Article Text
Abstract
Aims John Rawls’ principle of ‘maximin’ – spending the maximum amount of resources on the proportion of society that is worst off has governed healthcare resource allocation in the U. K. However the principle fails when resources are scarce and the majority of the population is deprived of their needs. We hypothesise that in the context of life sustaining technology the focus on mortality as an outcome measure in both clinical practice and research may lead to the failure of the maximin principle. Paediatric intensive care is both an expensive and scarce resource. We aimed to examine the effect of resource use and outcome within a PICU to explore our hypothesis further.
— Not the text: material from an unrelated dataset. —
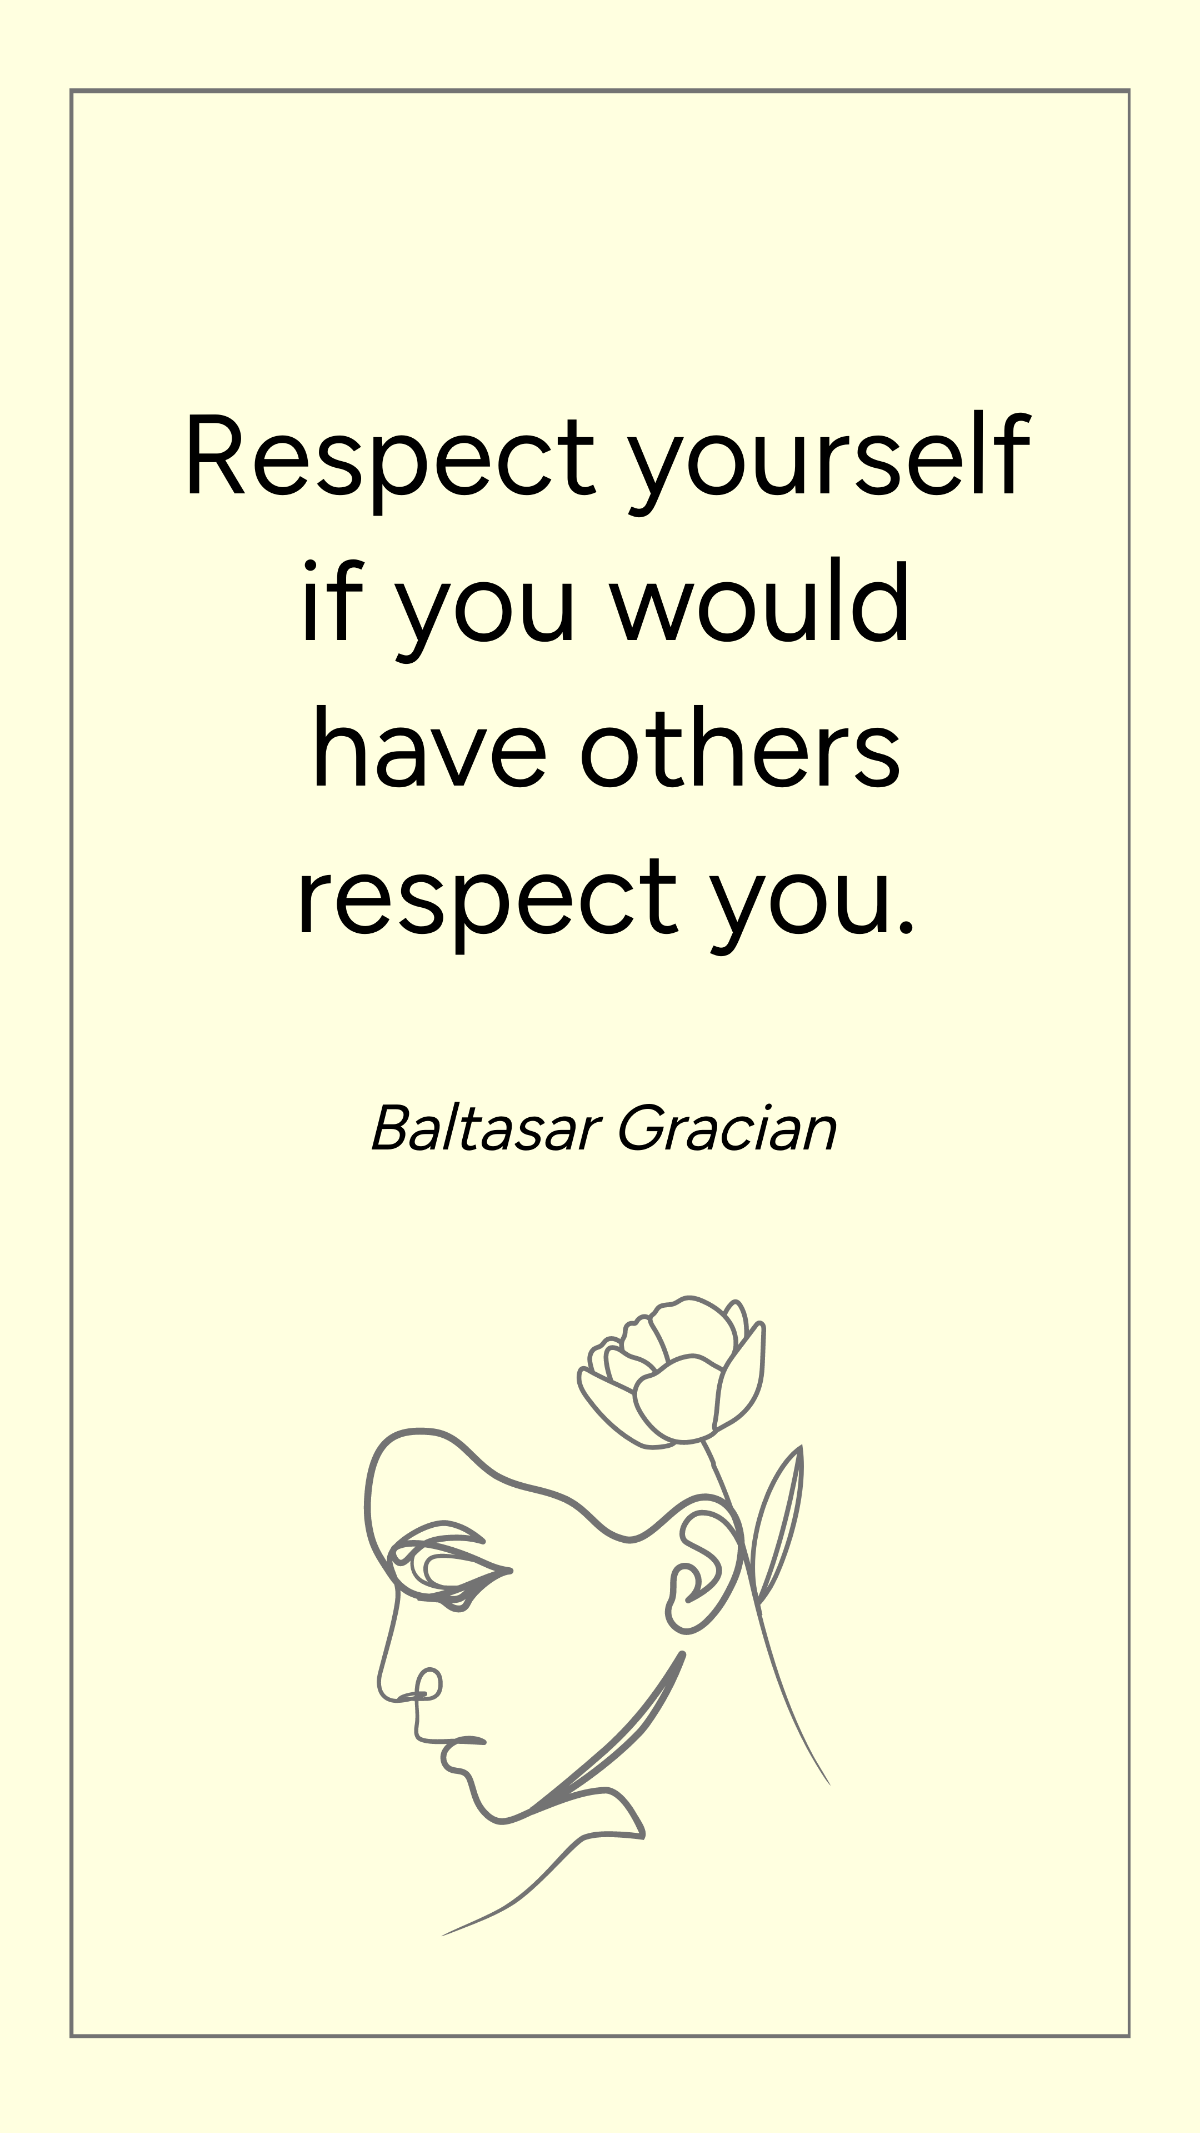 Baltasar Gracian - Respect yourself if you would have others respect you. Template

Methods Time series analyses to investigate resource use (length of stay/bed days) and outcome in a single PICU between 2004 and 2014.
Results The number of deaths per month has decreased over the period. However both the median and mean length of stay values has increased. Moreover, the difference between the mean and the median has increased and is positive. This suggests that more bed days are being occupied by outliers in the lengths of stay (either more outliers or outliers staying longer). Children in top quartile for length of stay utilised an increasing number of bed days over the period, but there was also a trend towards an increase in the number of deaths in this sub-group.
Conclusion Our data suggests over the last decade the length of stay in PICU has increased. In particular though, children who eventually die are being kept alive for longer. They utilise a greater proportion of resources. Clinicians and researchers need to be cognisant that this does not affect access to healthcare resources for the majority of children.